### The task
Everything from the line with "チョコレート壁紙,ギリチョコ,食物,チョコレート,ボンボン,甘味" through the last line of the data below should be copied exactly, apart from the pictures.

### Data excerpt
------------------------------------------------------------

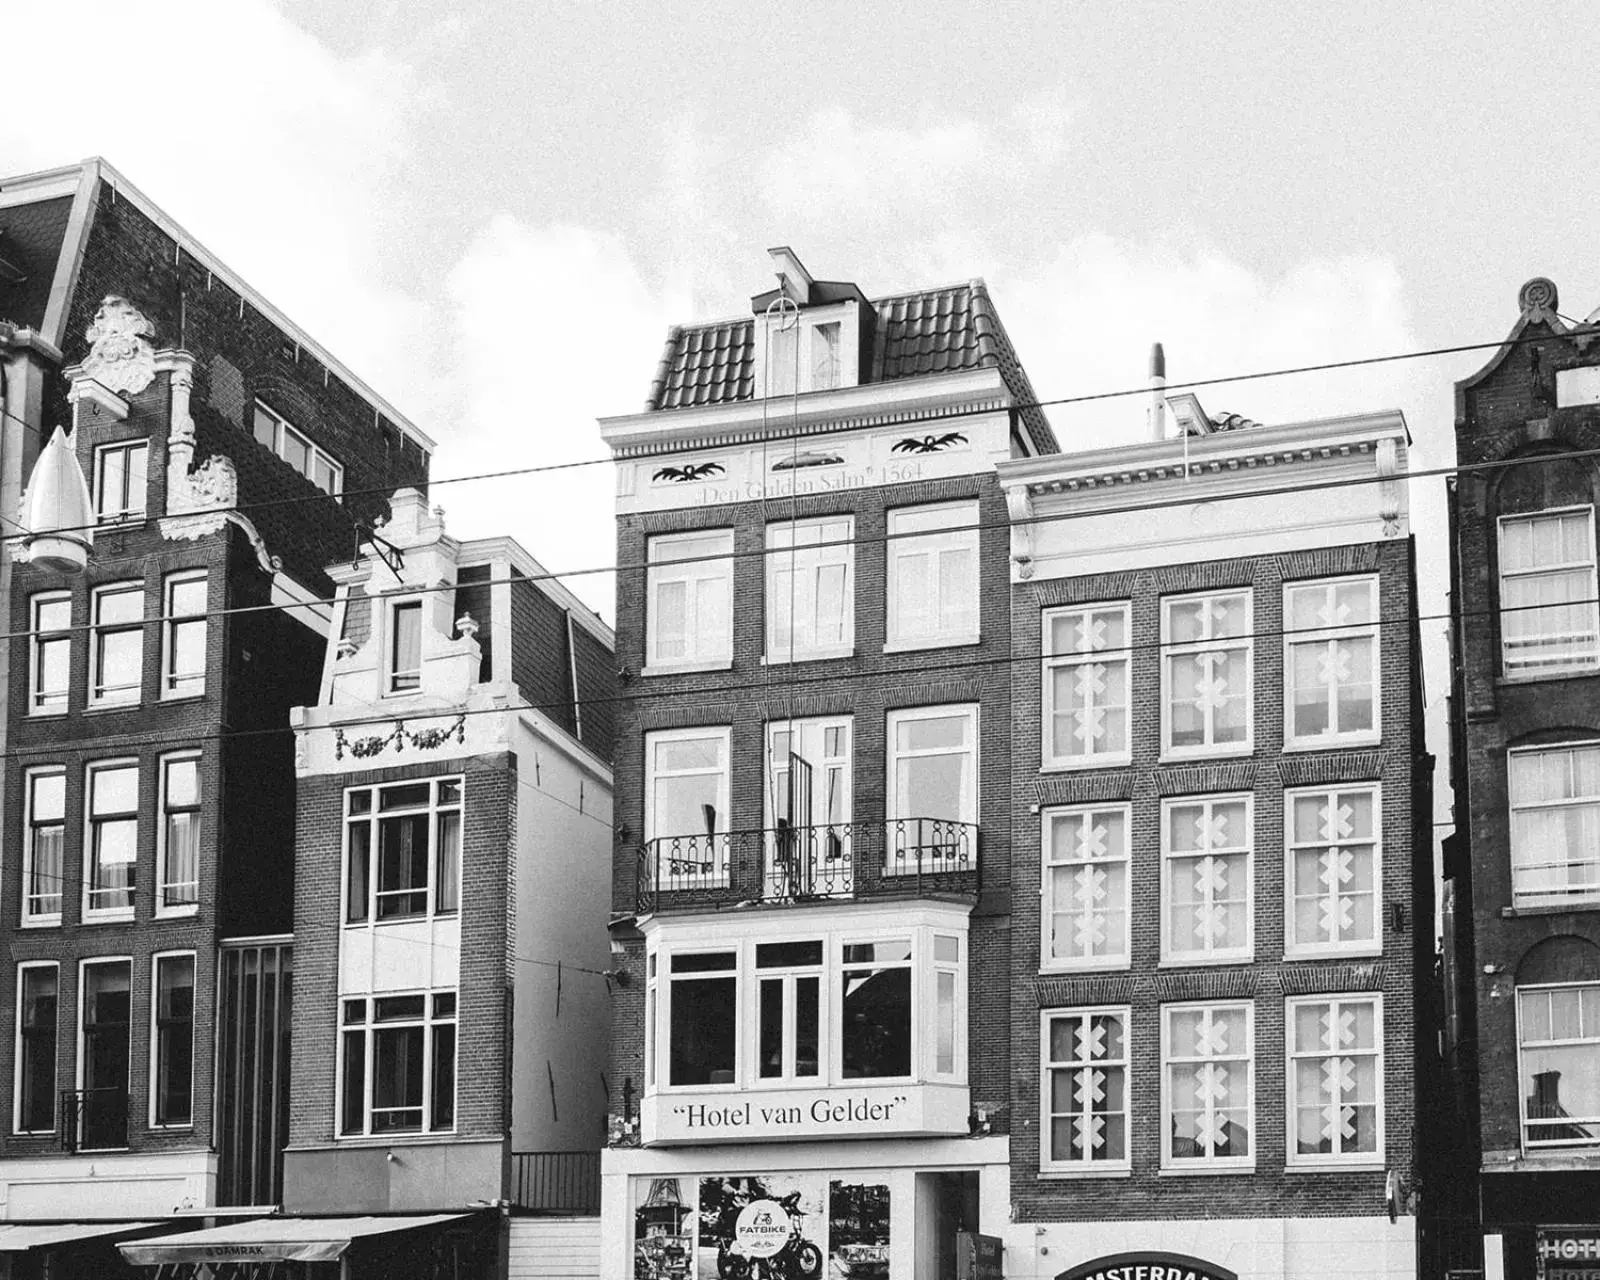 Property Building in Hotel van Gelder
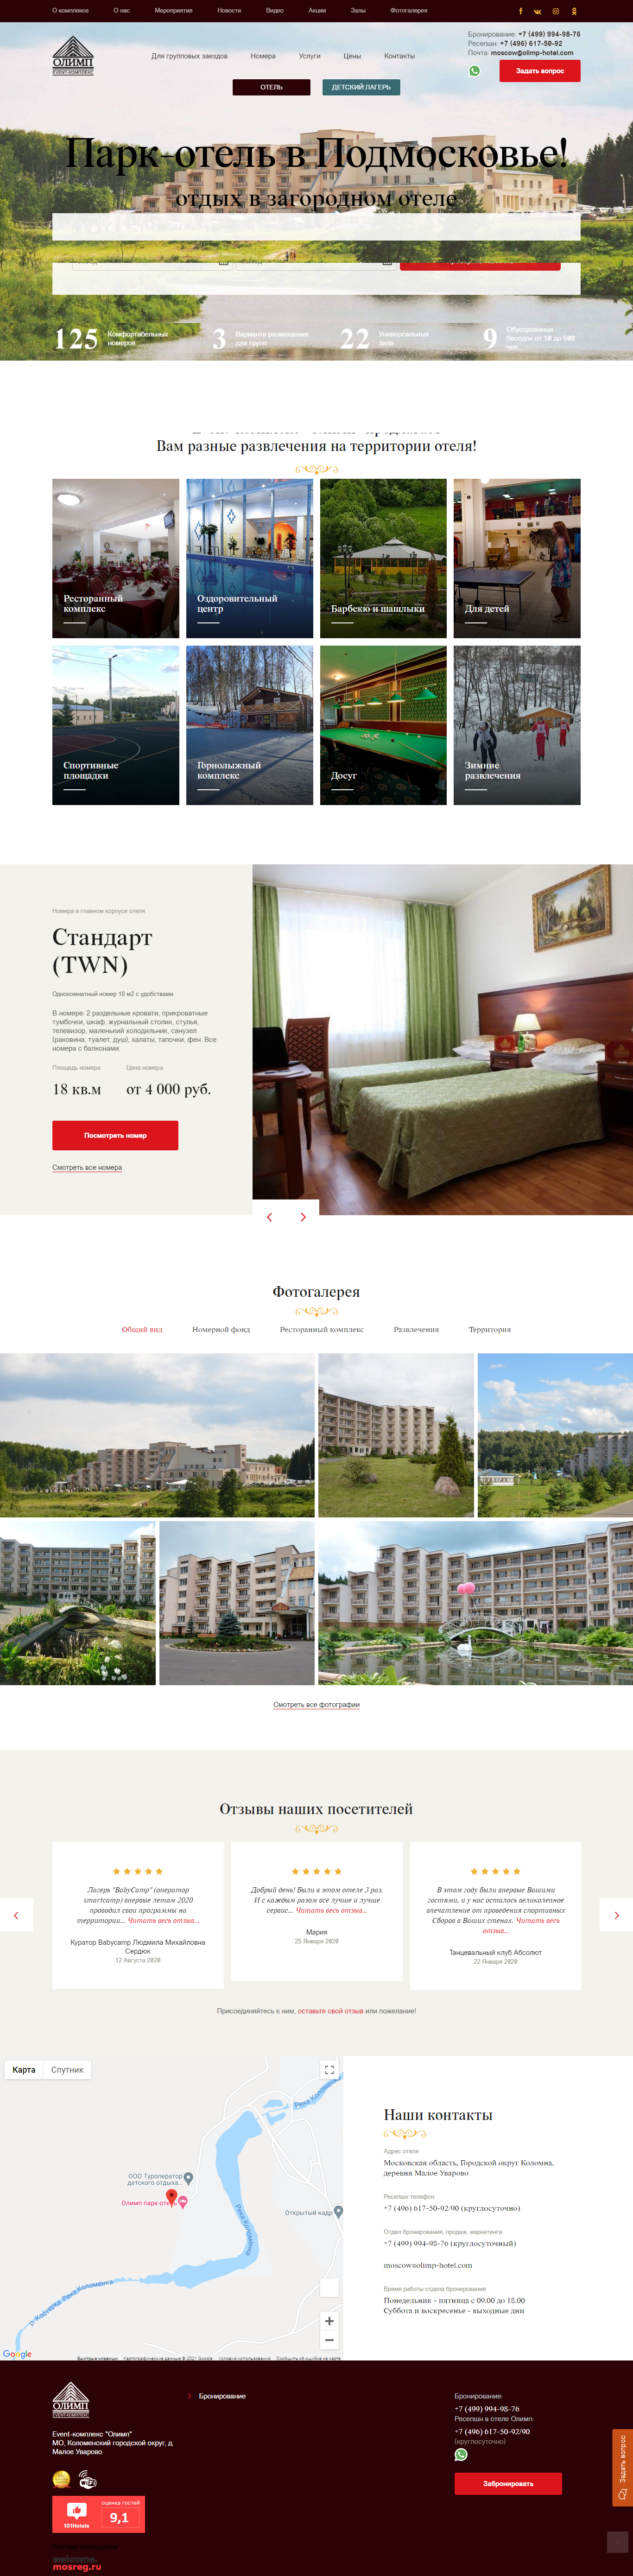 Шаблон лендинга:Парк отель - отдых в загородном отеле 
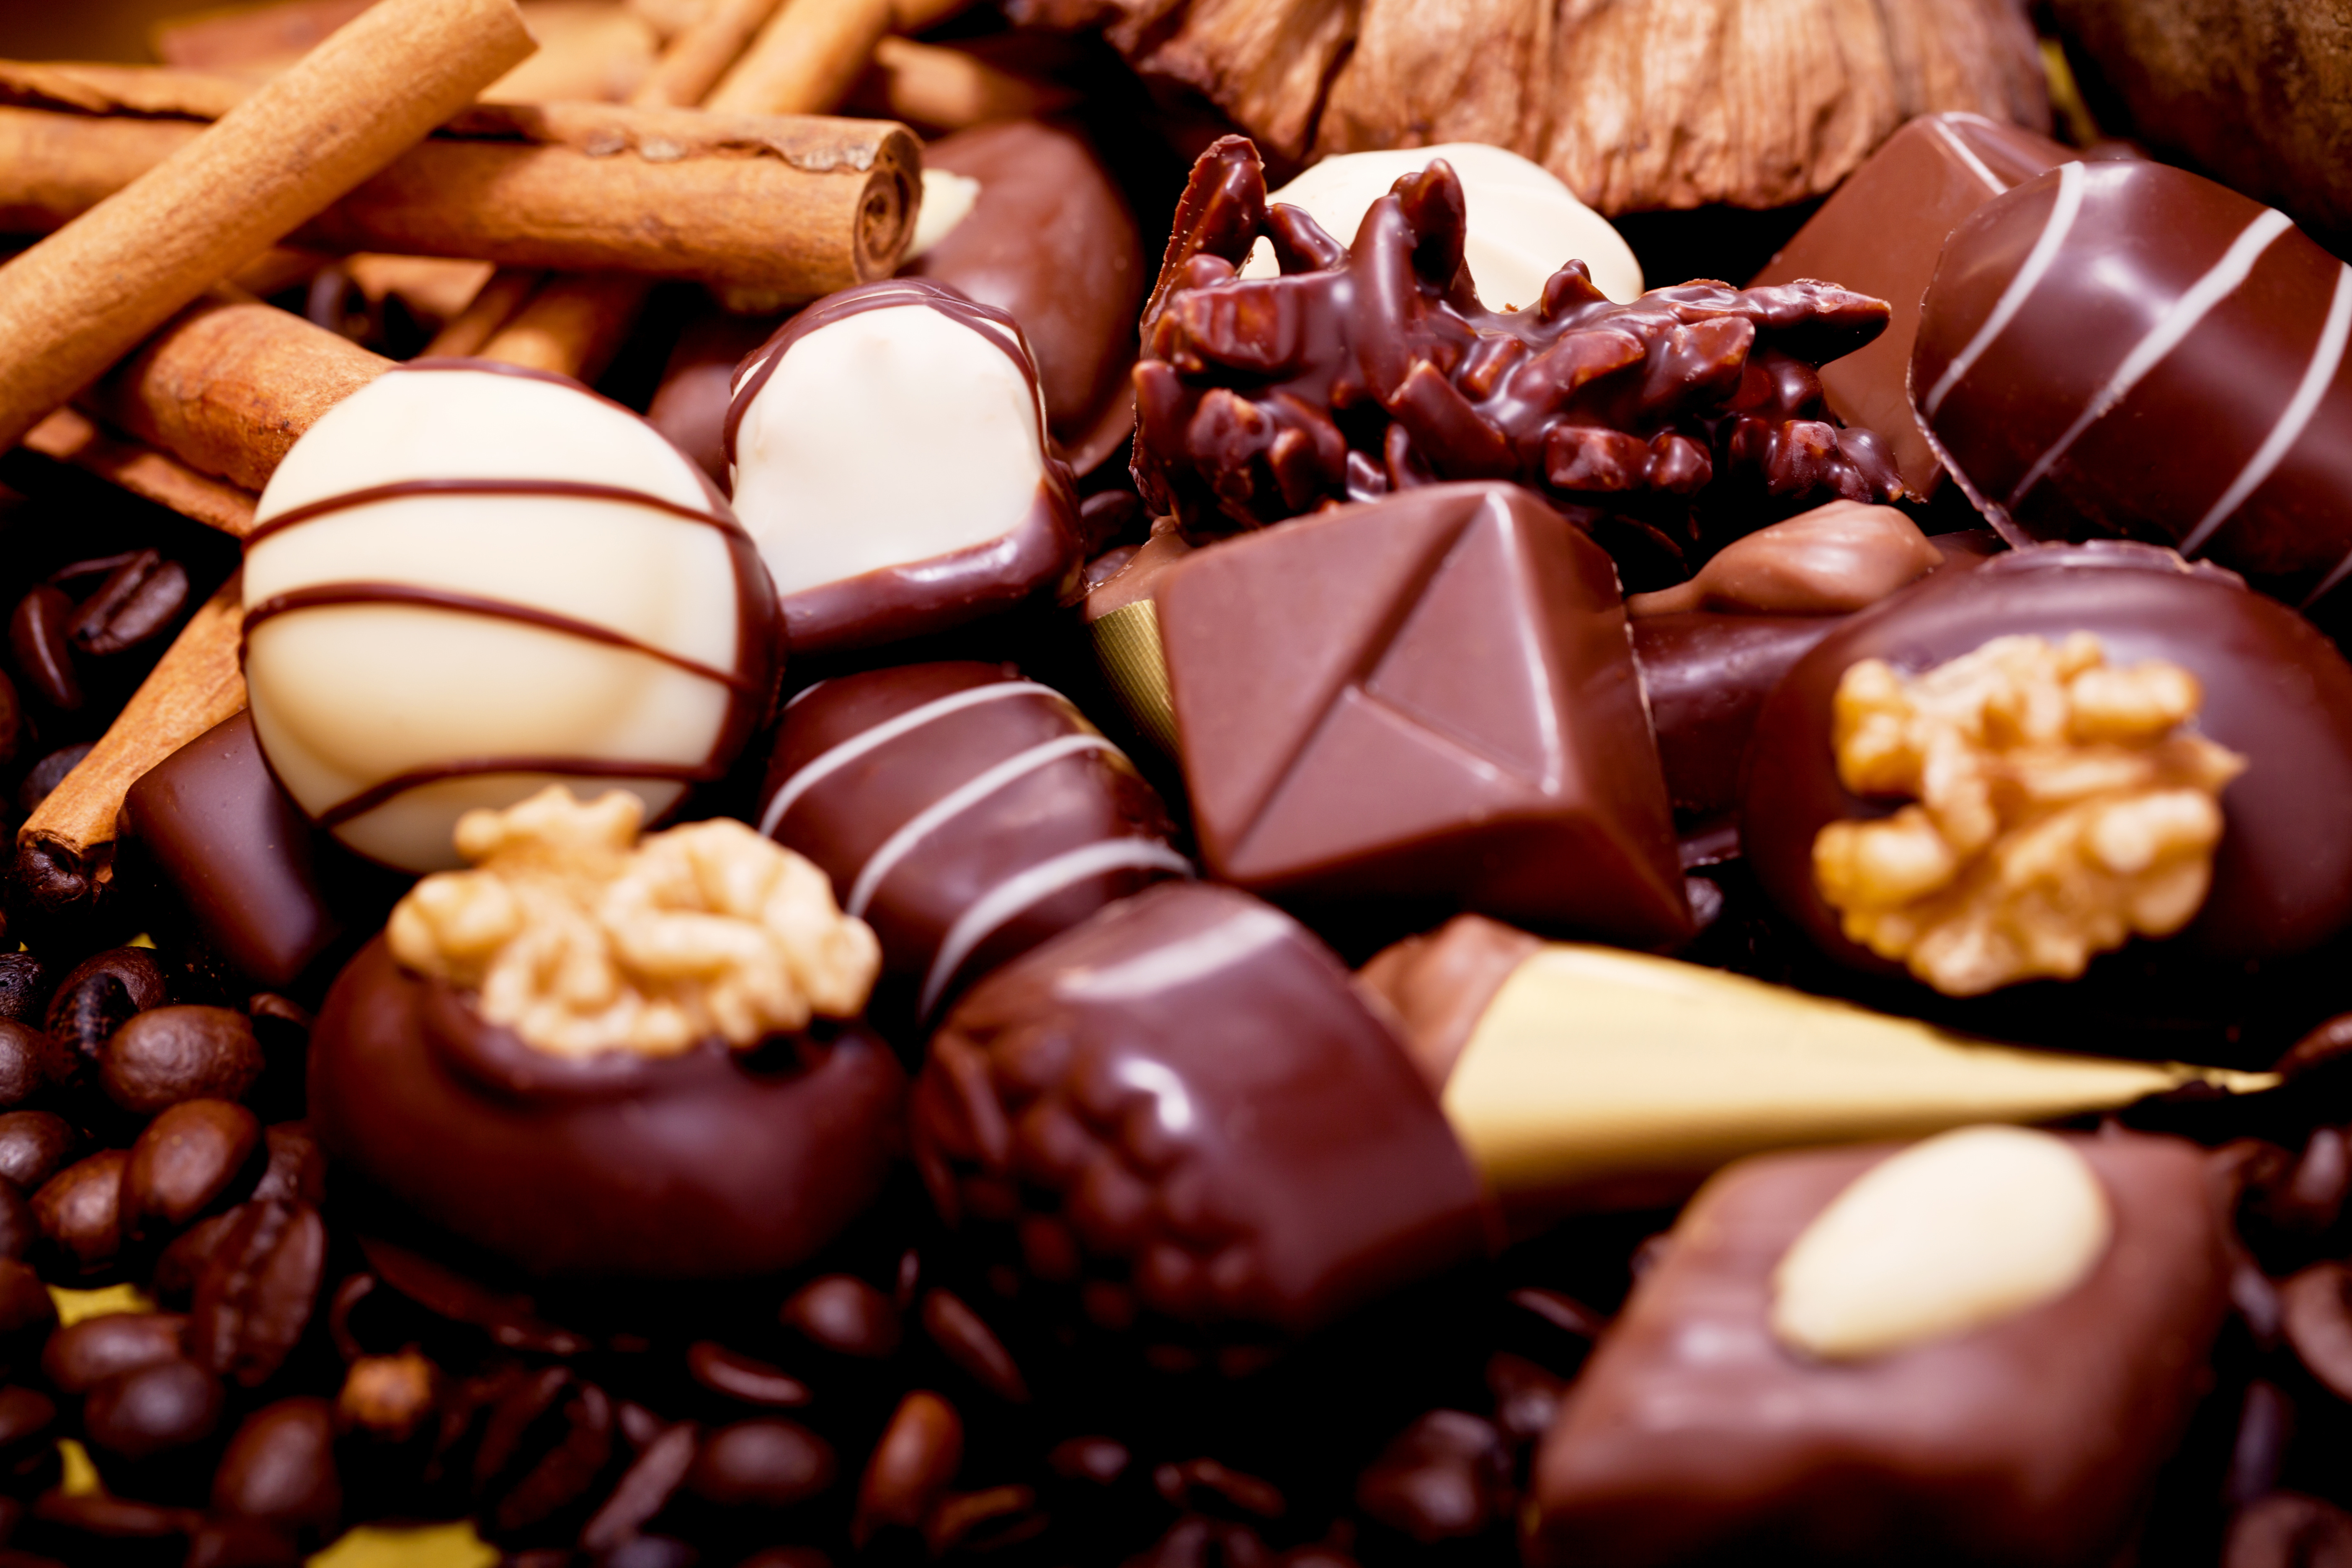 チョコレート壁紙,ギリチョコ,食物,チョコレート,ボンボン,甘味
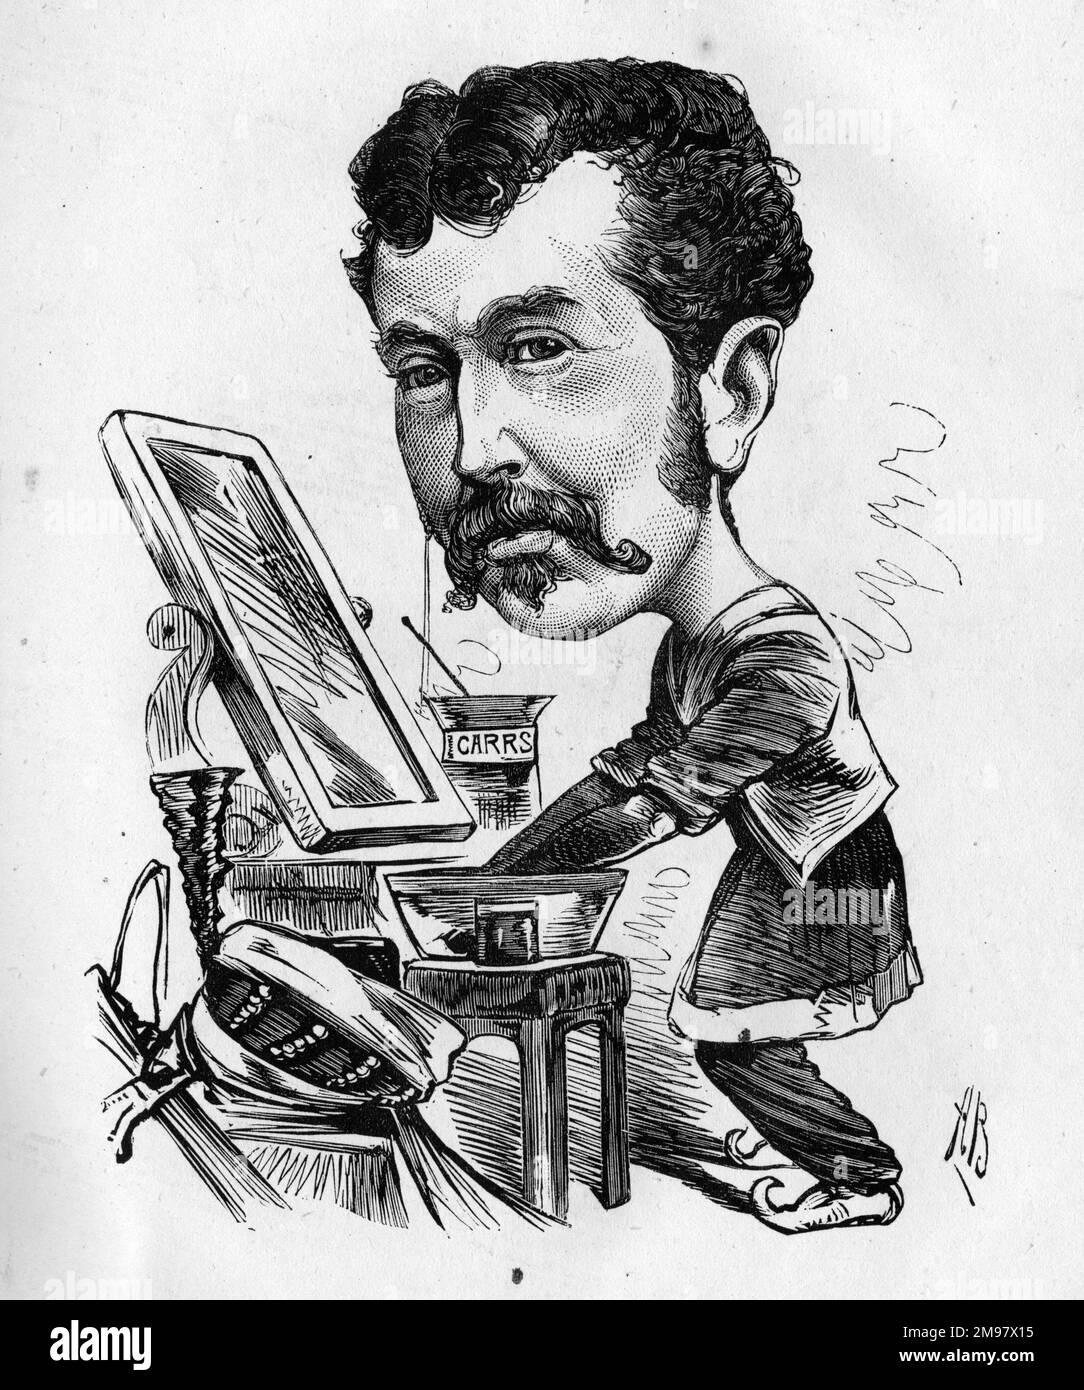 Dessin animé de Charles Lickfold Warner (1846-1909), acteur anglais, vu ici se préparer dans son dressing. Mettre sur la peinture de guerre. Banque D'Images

------------------------------------------------------------

### Worked solution
 チョコレート壁紙,ギリチョコ,食物,チョコレート,ボンボン,甘味
 Dessin animé de Charles Lickfold Warner (1846-1909), acteur anglais, vu ici se préparer dans son dressing. Mettre sur la peinture de guerre. Banque D'Images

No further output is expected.